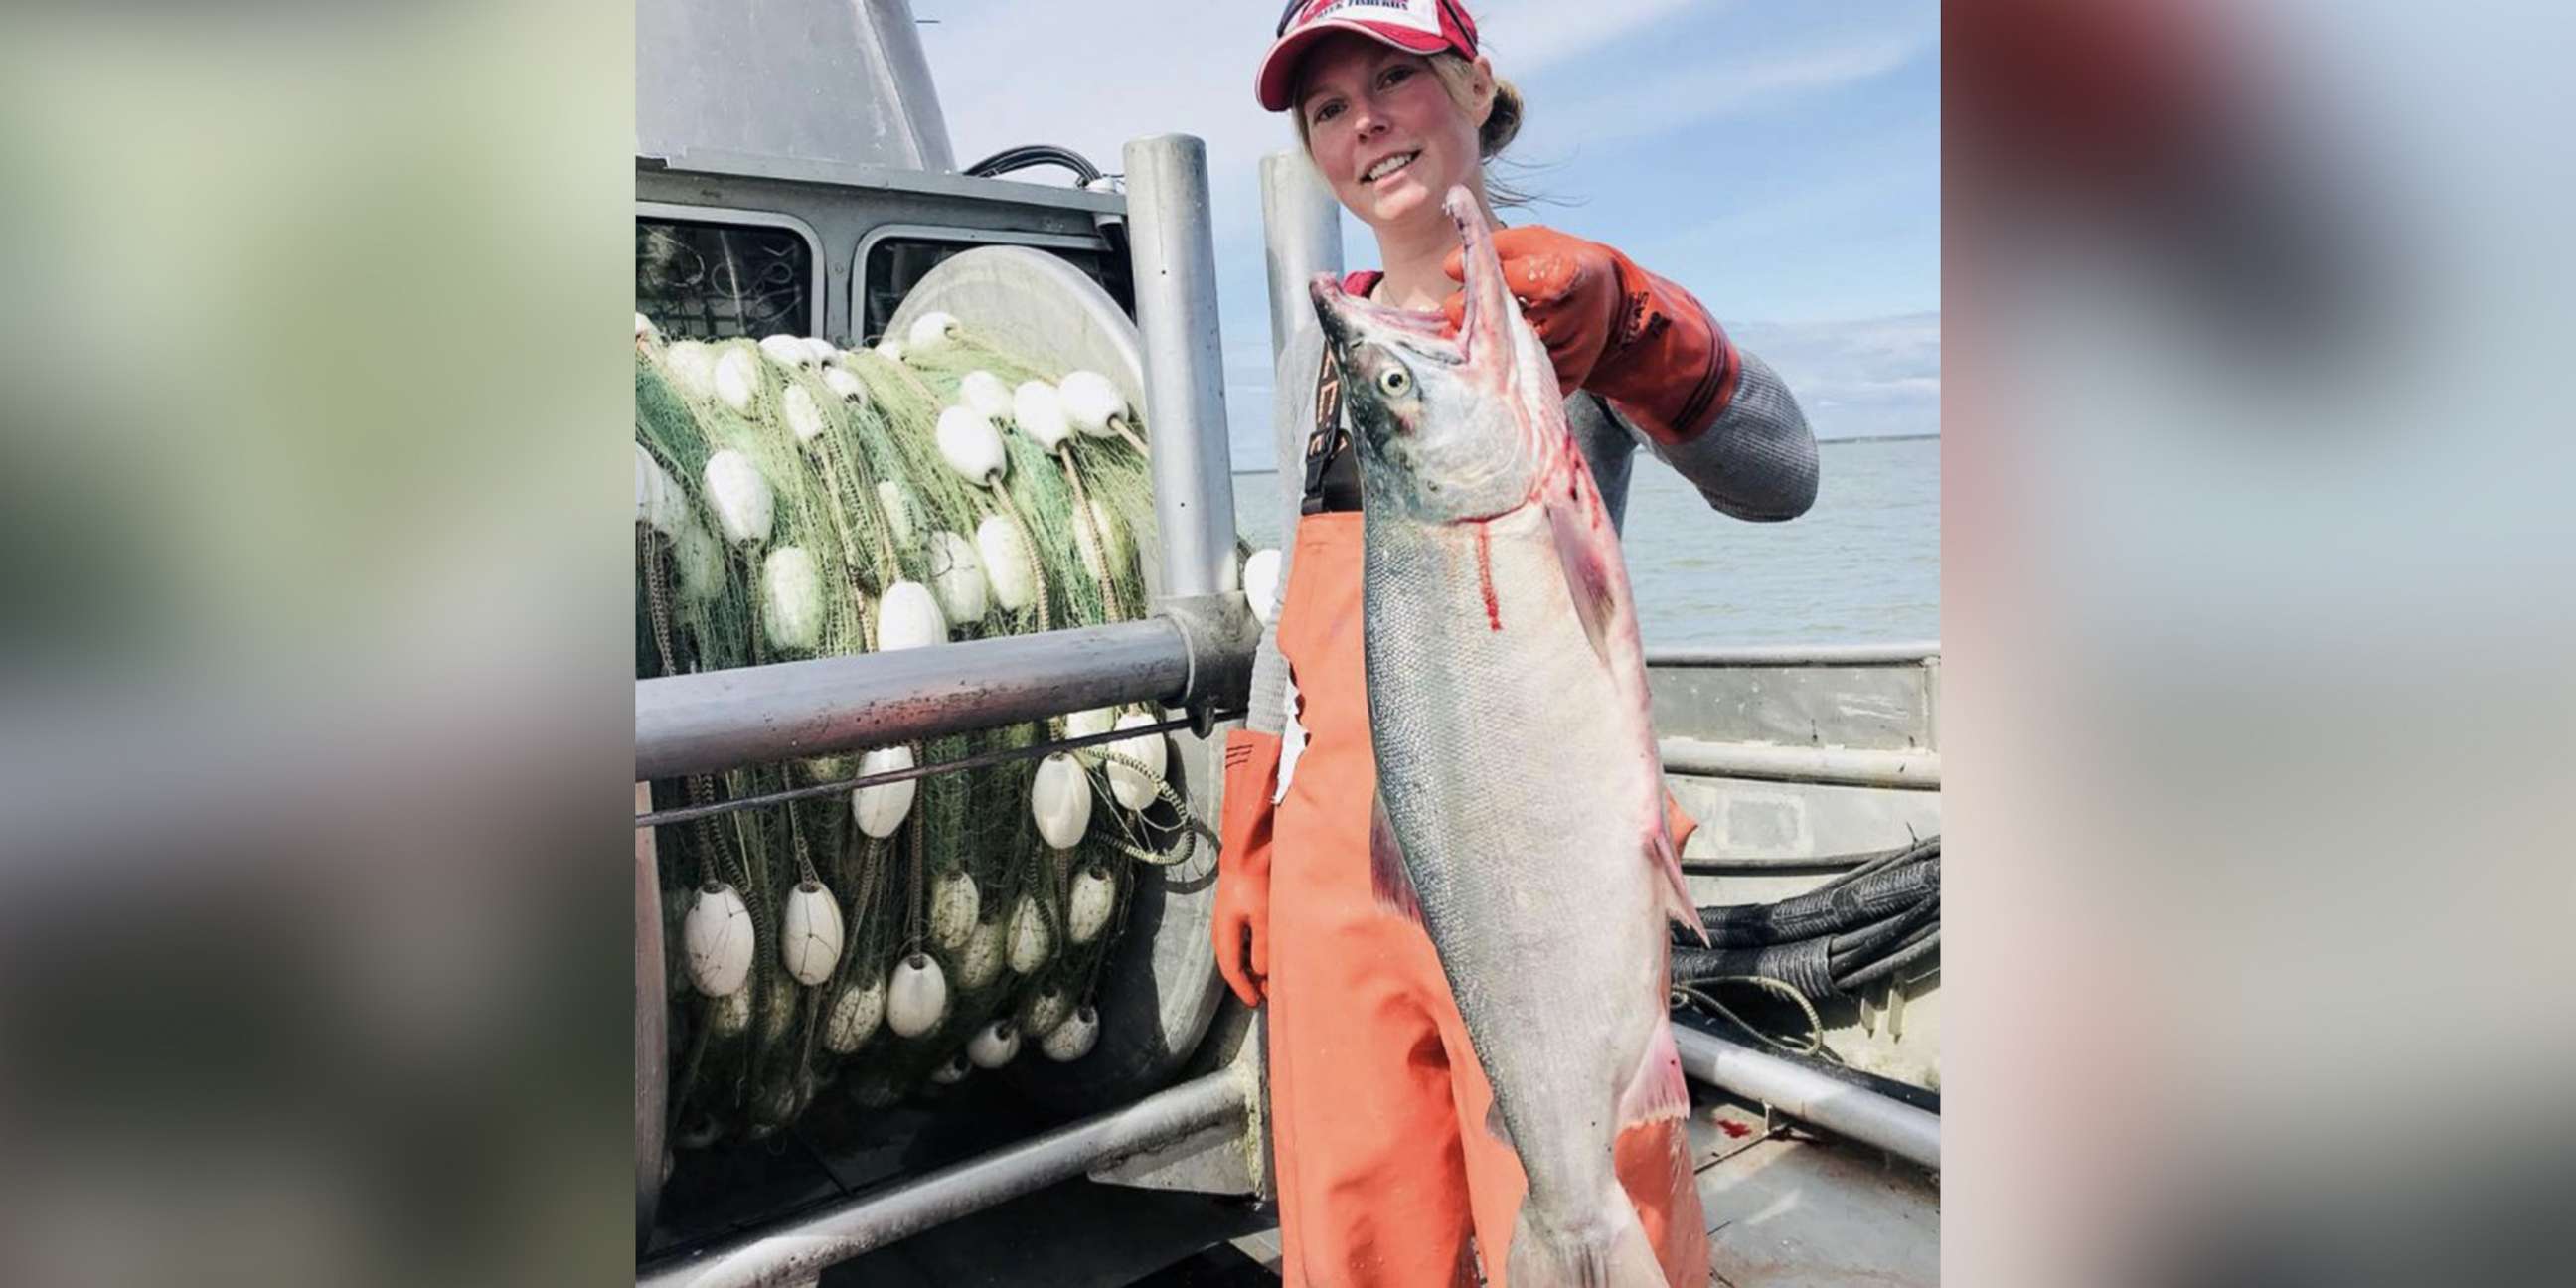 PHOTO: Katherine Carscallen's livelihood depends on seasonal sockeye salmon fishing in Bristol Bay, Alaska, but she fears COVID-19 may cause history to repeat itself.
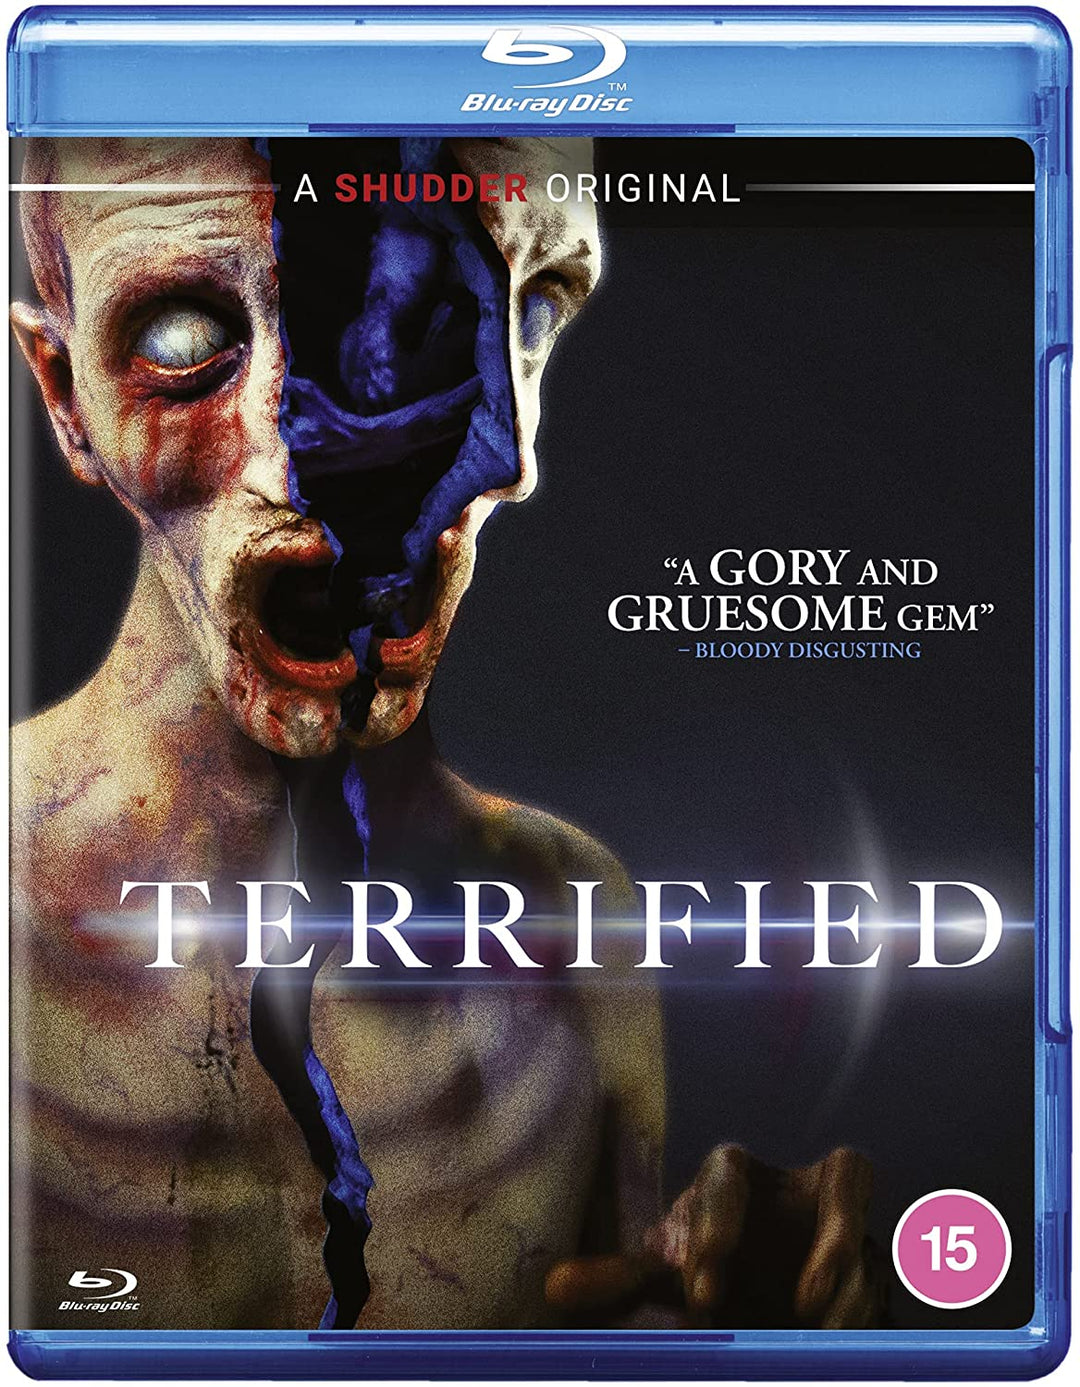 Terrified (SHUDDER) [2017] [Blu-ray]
- - -
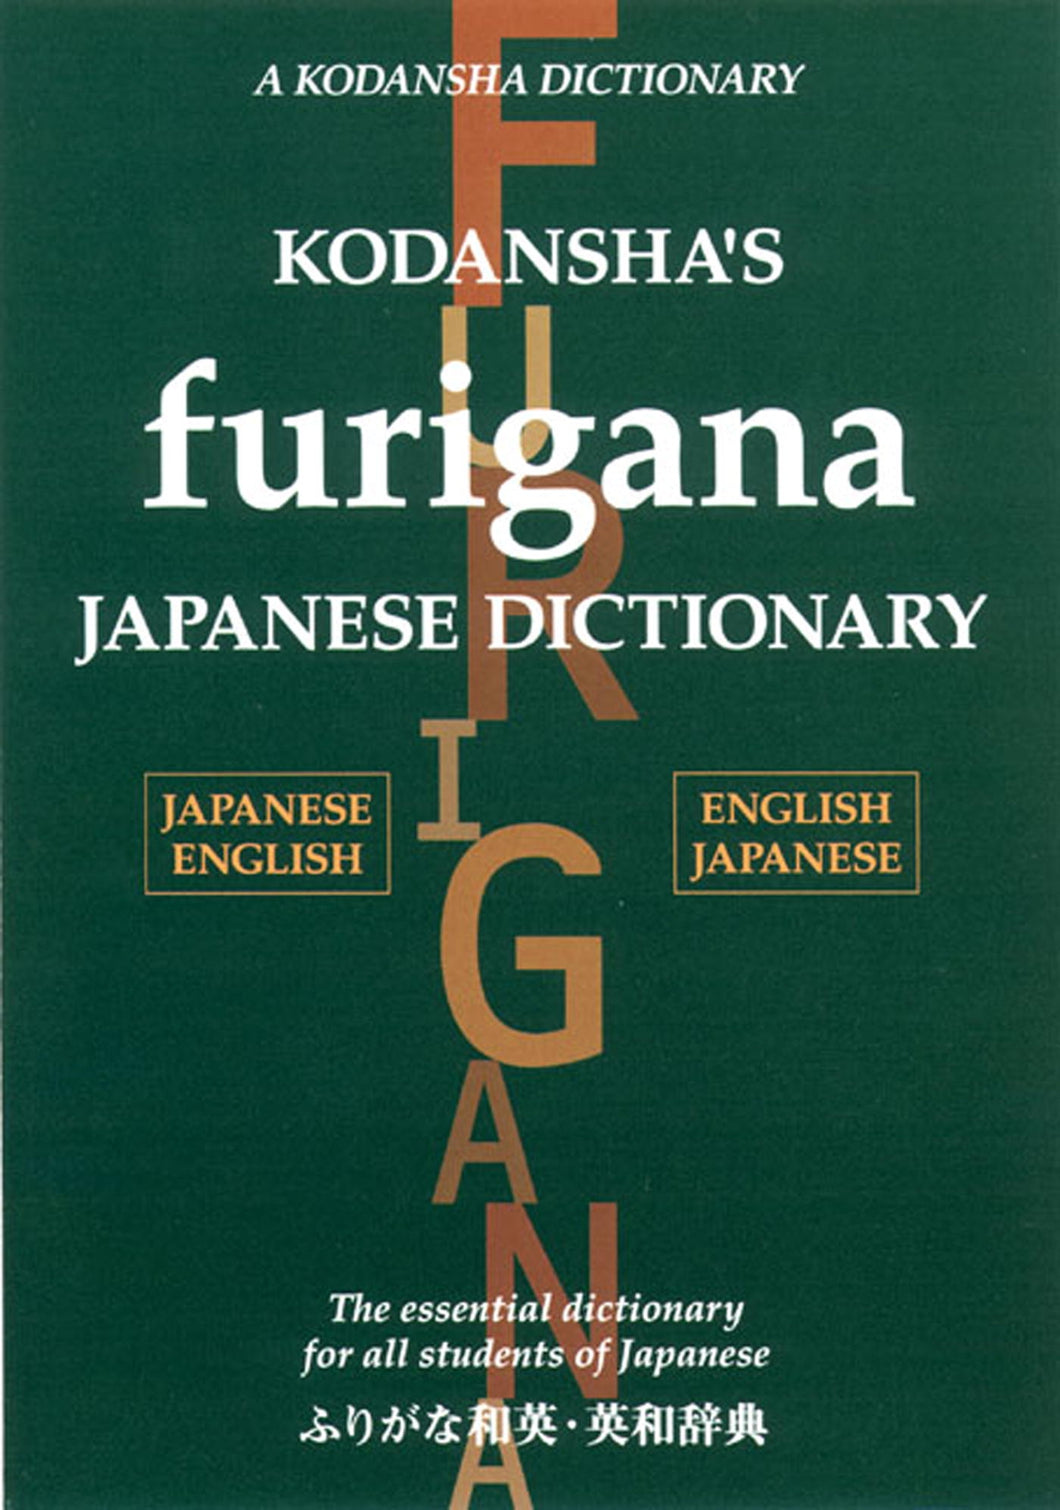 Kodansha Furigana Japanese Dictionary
- - -
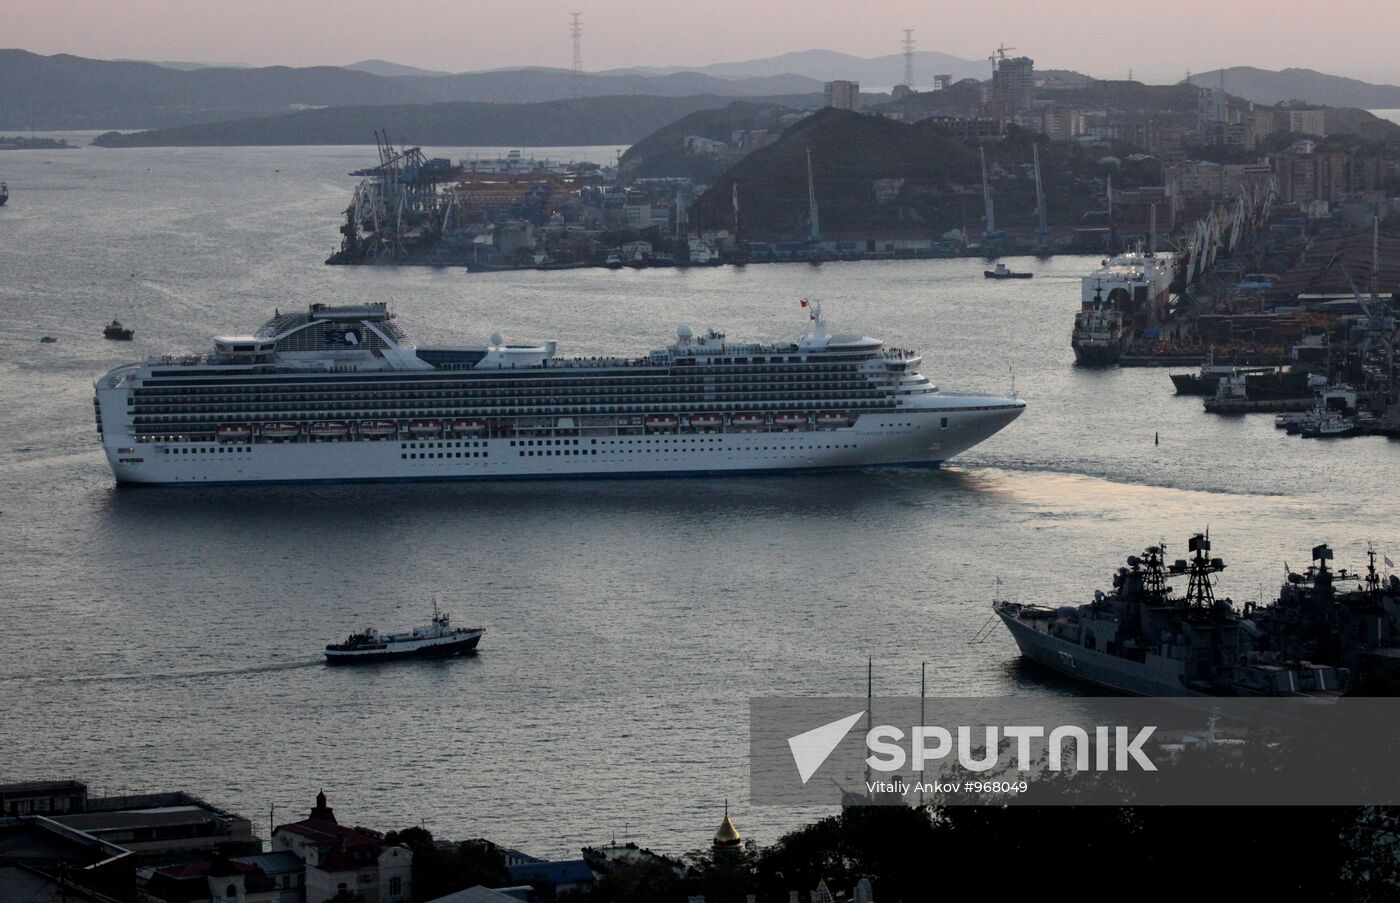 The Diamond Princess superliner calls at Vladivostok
- - -
Copy exactly the lines of the listing above between the one holding "PHOTO: Katherine Carscallen's" and the one holding "Terrified (SHUDDER) [2017] [Blu-ray]", inclusive; omit all pictures.

 PHOTO: Katherine Carscallen's livelihood depends on seasonal sockeye salmon fishing in Bristol Bay, Alaska, but she fears COVID-19 may cause history to repeat itself.
 Terrified (SHUDDER) [2017] [Blu-ray]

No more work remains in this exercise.